(Dataset records)
====

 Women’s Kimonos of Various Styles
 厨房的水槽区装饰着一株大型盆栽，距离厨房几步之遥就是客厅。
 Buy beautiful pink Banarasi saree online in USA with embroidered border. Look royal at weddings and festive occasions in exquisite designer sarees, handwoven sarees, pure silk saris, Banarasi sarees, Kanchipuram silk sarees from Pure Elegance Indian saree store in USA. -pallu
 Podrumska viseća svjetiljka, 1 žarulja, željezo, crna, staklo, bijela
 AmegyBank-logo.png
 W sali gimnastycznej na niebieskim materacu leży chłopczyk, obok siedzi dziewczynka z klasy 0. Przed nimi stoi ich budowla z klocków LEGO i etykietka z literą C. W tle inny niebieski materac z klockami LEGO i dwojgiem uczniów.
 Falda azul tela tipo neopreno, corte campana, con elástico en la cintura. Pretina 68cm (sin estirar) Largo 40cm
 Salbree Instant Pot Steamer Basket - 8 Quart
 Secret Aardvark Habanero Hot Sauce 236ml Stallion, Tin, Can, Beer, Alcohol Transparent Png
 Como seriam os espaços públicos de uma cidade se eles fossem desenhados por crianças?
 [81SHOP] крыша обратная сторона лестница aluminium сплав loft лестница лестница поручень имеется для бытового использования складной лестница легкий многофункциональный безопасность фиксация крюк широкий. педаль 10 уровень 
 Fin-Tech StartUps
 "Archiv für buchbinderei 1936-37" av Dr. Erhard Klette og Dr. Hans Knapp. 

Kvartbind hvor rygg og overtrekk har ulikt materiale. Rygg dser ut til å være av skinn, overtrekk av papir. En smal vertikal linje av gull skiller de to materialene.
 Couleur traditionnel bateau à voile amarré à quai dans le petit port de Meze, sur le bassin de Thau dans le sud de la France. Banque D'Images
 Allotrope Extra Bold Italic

====

Transcribe verbatim. Cover the lines from the first line of the entries above to the line containing "AmegyBank-logo.png", inclusive.

 Women’s Kimonos of Various Styles
 厨房的水槽区装饰着一株大型盆栽，距离厨房几步之遥就是客厅。
 Buy beautiful pink Banarasi saree online in USA with embroidered border. Look royal at weddings and festive occasions in exquisite designer sarees, handwoven sarees, pure silk saris, Banarasi sarees, Kanchipuram silk sarees from Pure Elegance Indian saree store in USA. -pallu
 Podrumska viseća svjetiljka, 1 žarulja, željezo, crna, staklo, bijela
 AmegyBank-logo.png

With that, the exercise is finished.